Extracted entries:
**********

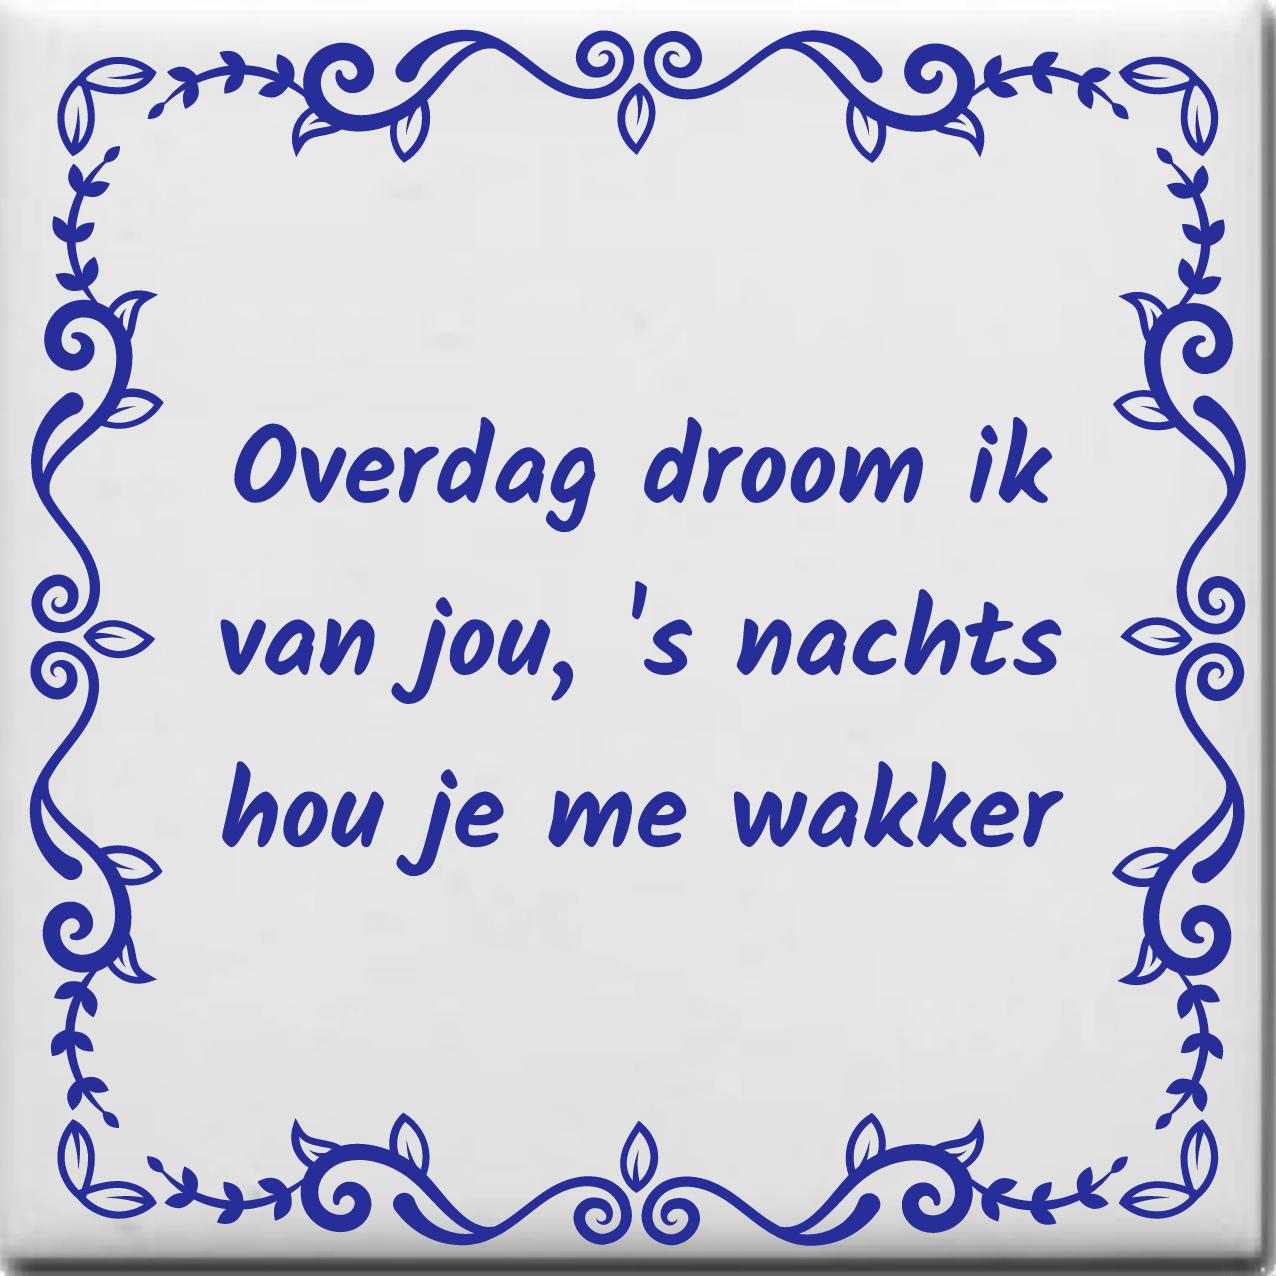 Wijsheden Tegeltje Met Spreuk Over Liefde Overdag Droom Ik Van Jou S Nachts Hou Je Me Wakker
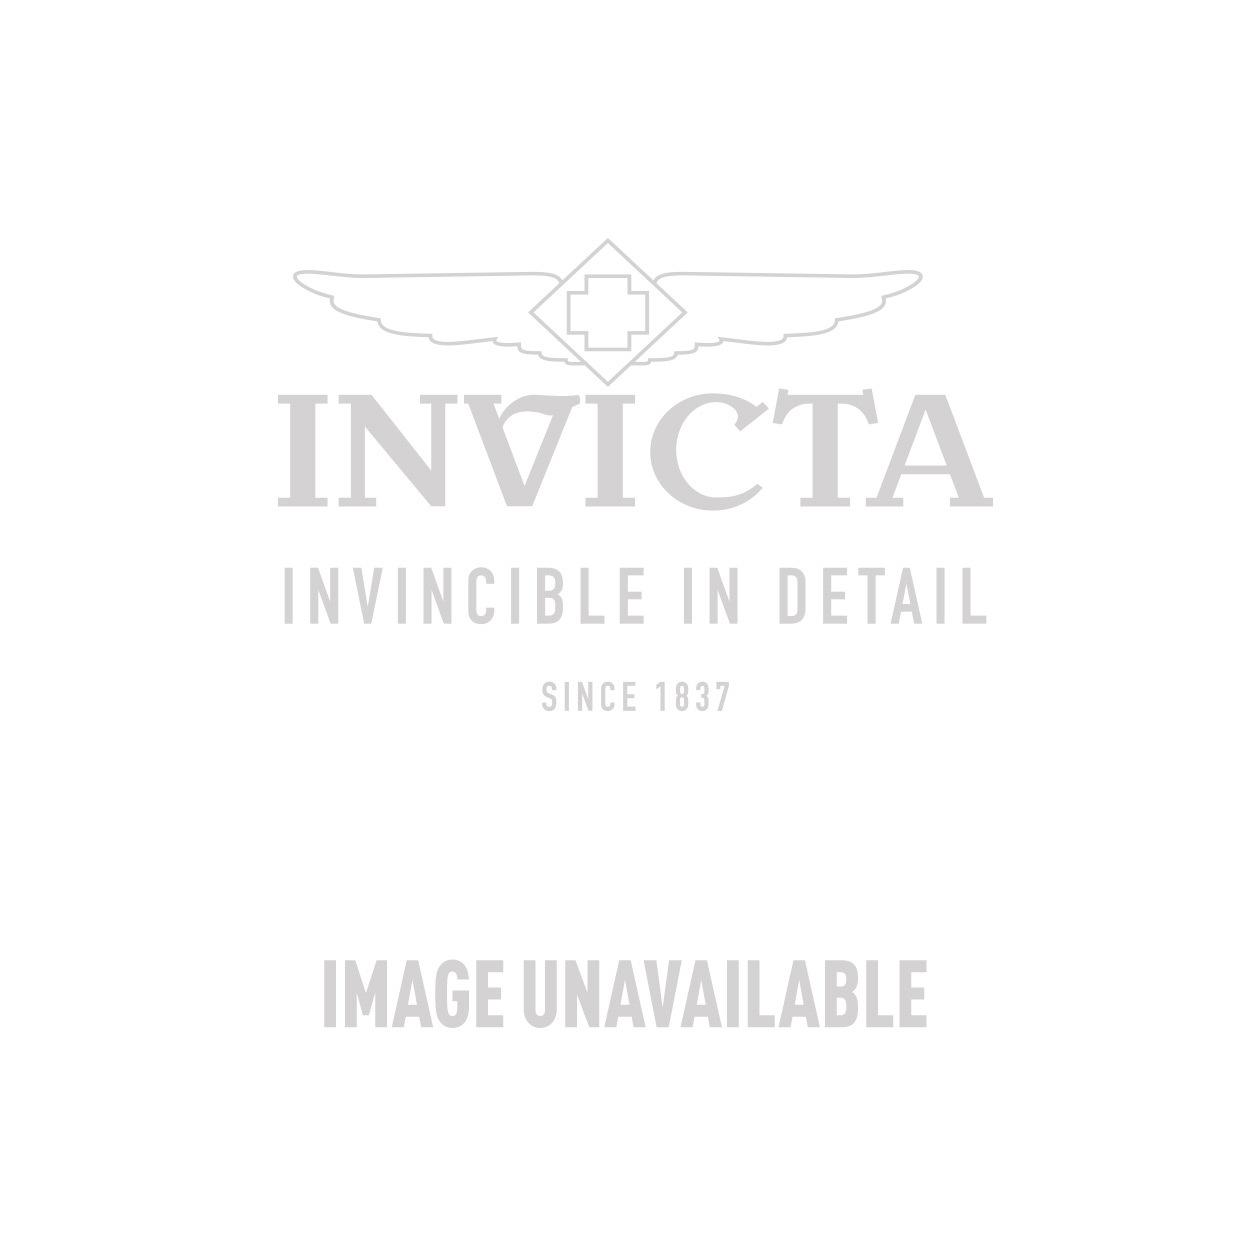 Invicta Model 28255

**********

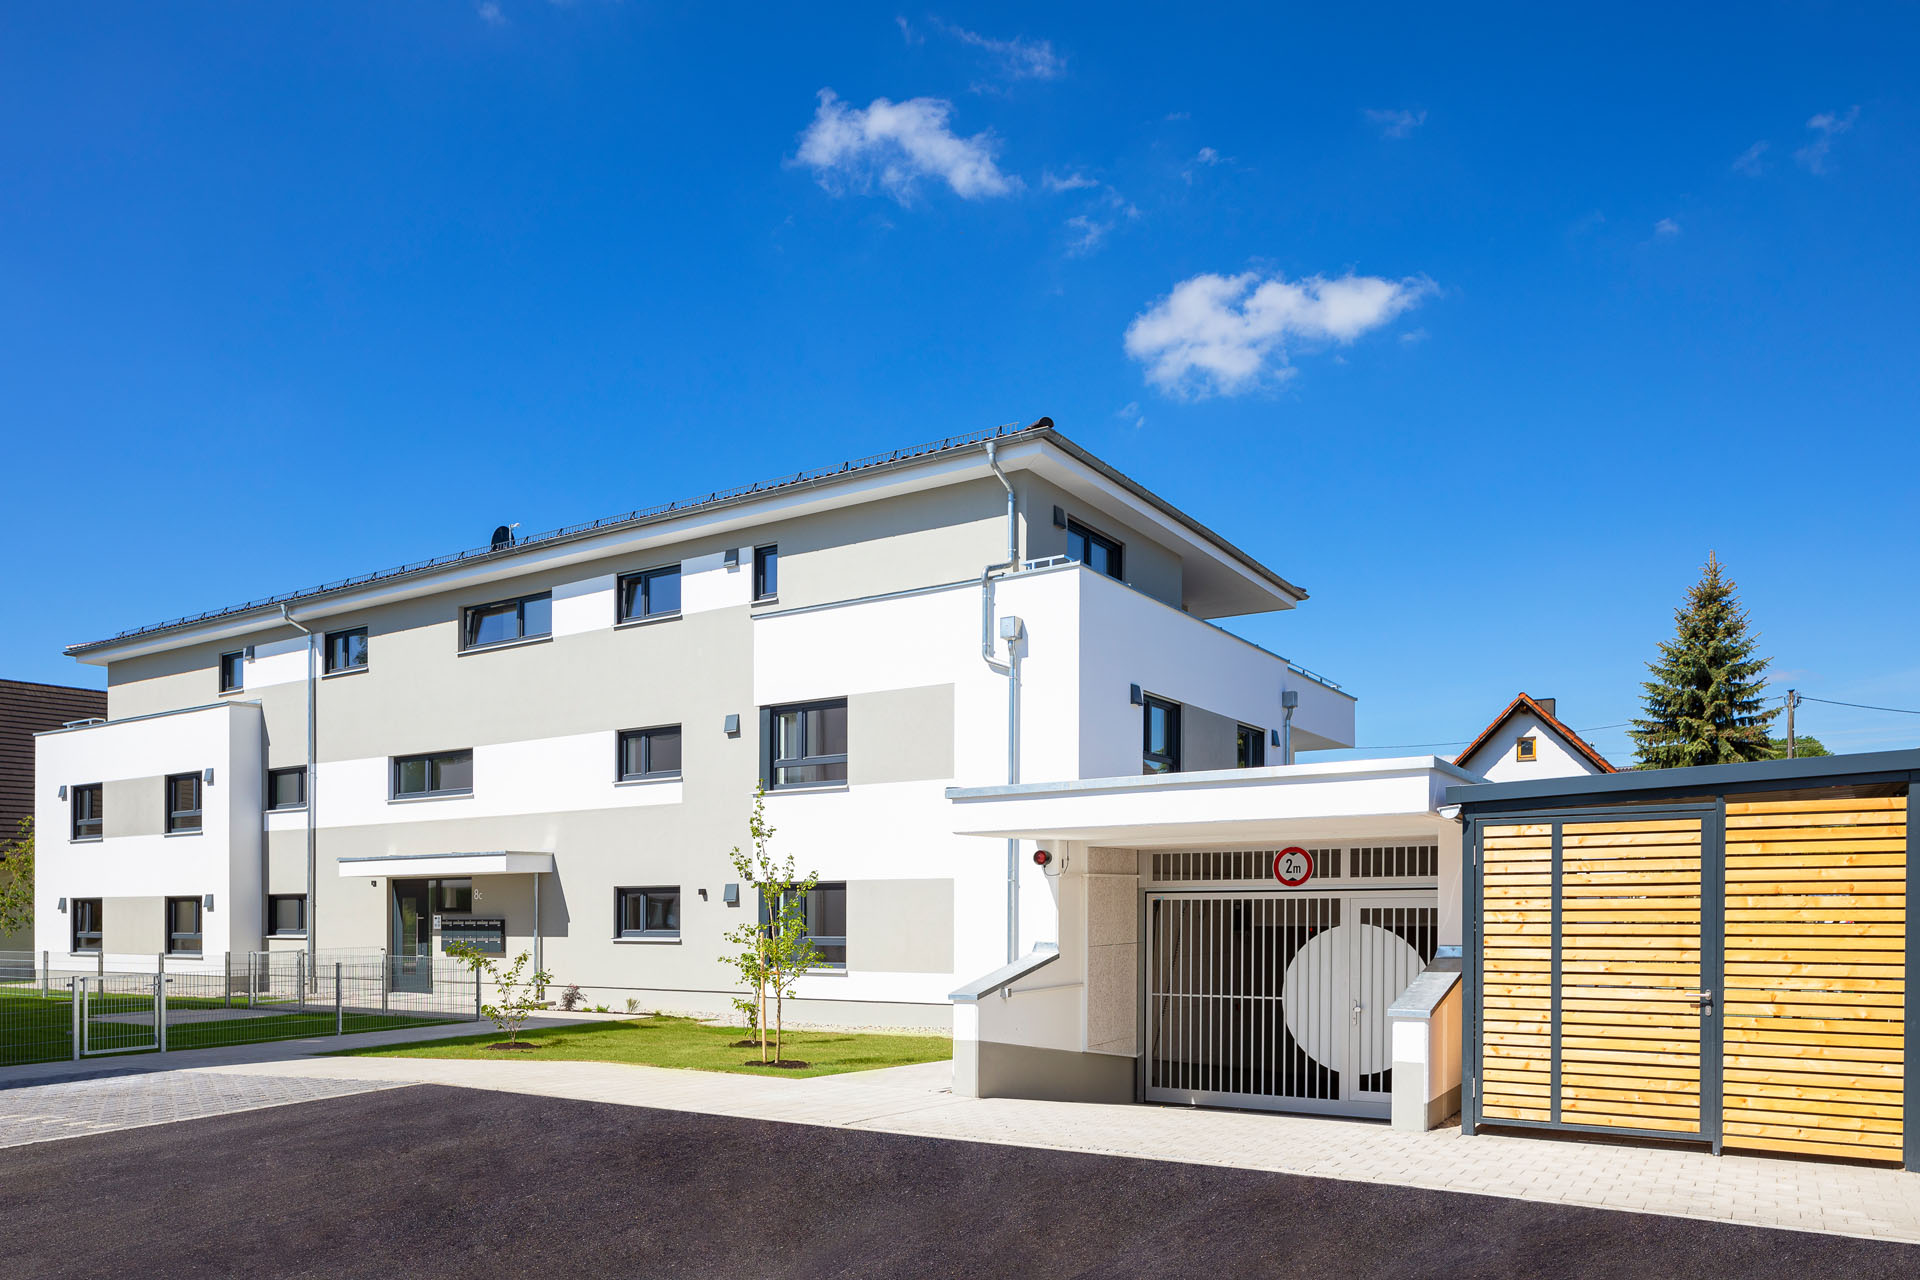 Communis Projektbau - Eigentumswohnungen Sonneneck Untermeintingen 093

**********

Task item: Everything above from the line with "Wijsheden Tegeltje Met" through the line with "Invicta Model 28255" should be retyped exactly, and nothing else; omit pictures.

Task result:
 Wijsheden Tegeltje Met Spreuk Over Liefde Overdag Droom Ik Van Jou S Nachts Hou Je Me Wakker
 Invicta Model 28255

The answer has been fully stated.